Required work:
Please write the listing below out again exactly, leaving every picture behind.

Input data:

_____

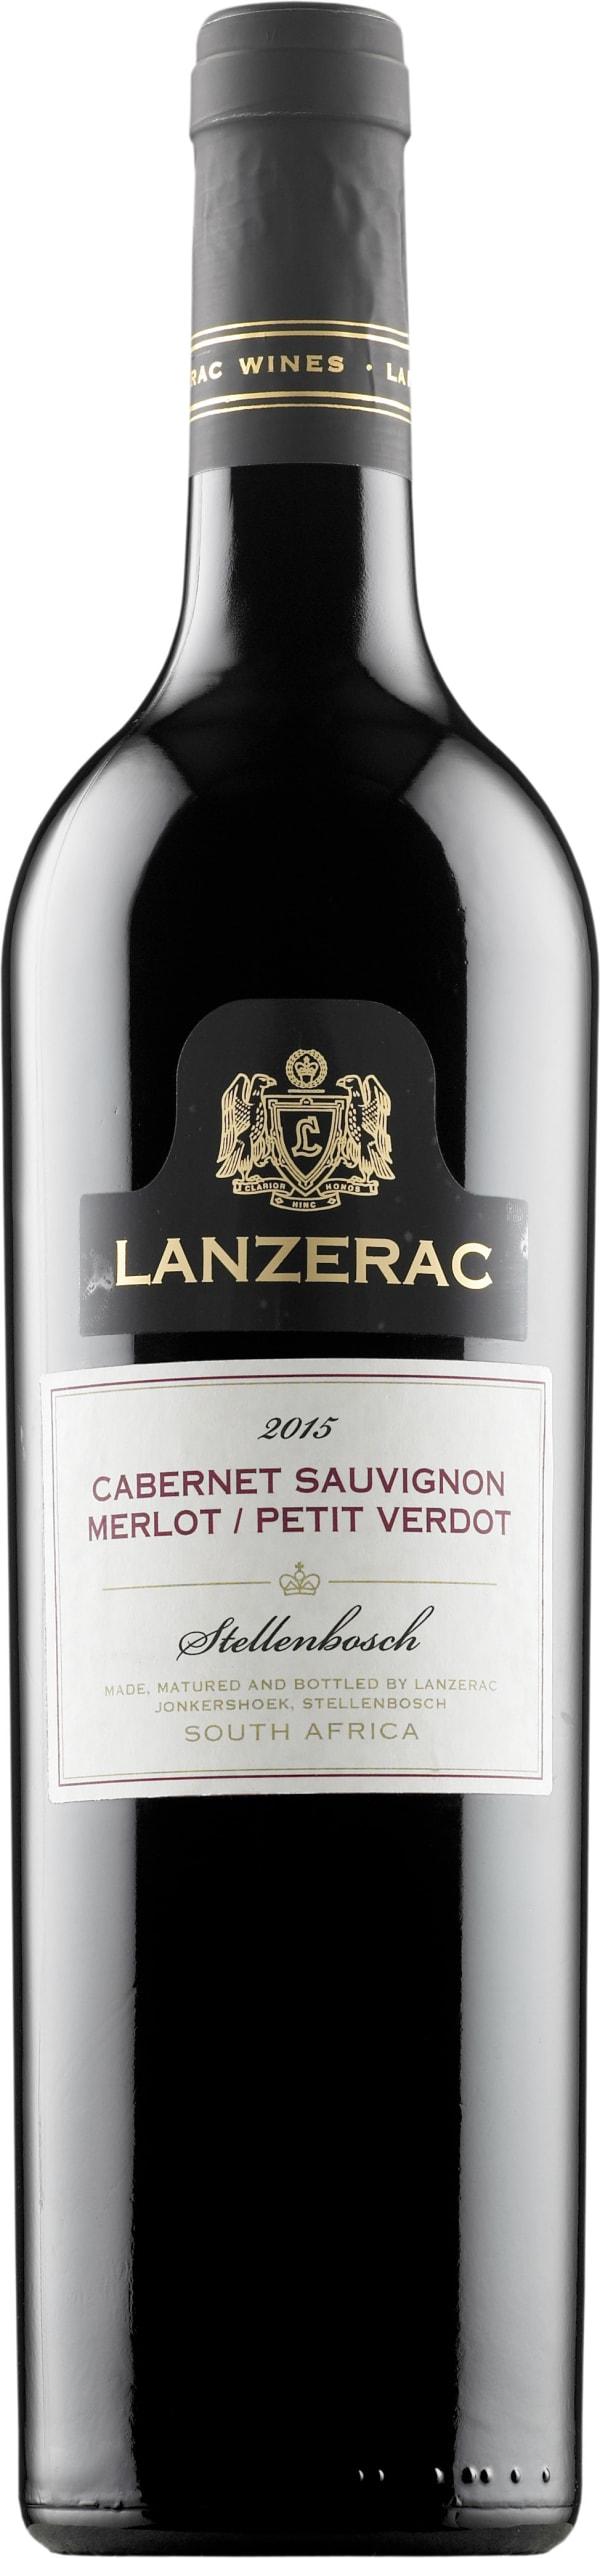 Lanzerac Cabernet Sauvignon Merlot Petit Verdot 2015
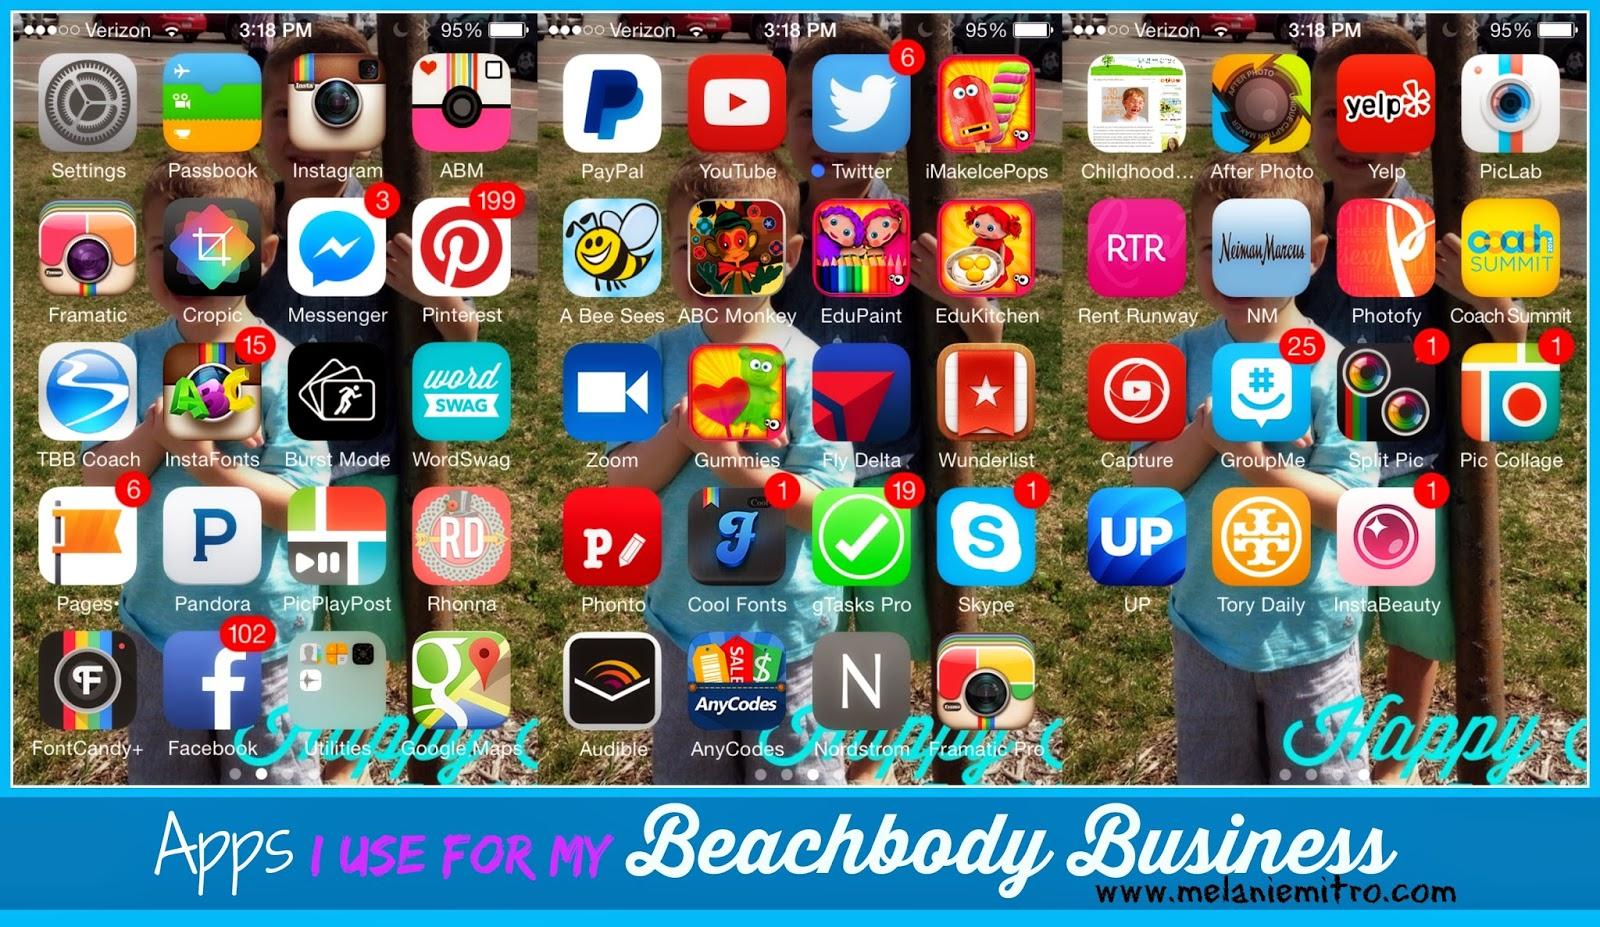 Team Beachbody Favorite Apps to Enhance My Photos
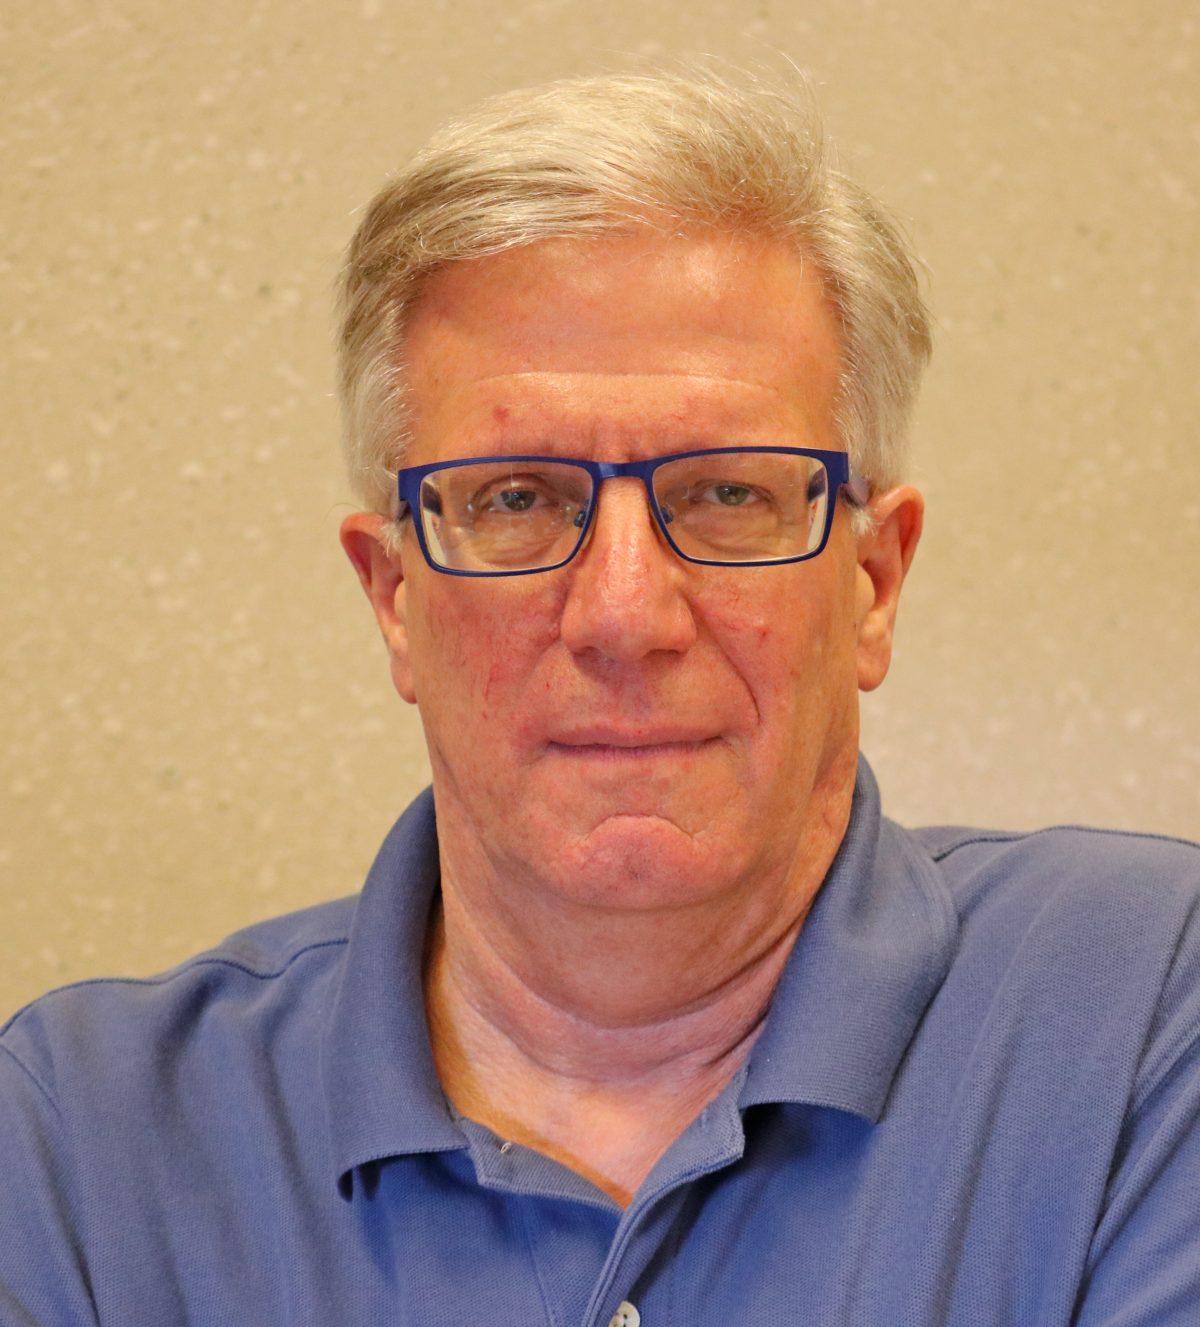 OSU Professor Mark McCord

_____

Expected answer:
 Lanzerac Cabernet Sauvignon Merlot Petit Verdot 2015
 Team Beachbody Favorite Apps to Enhance My Photos
 OSU Professor Mark McCord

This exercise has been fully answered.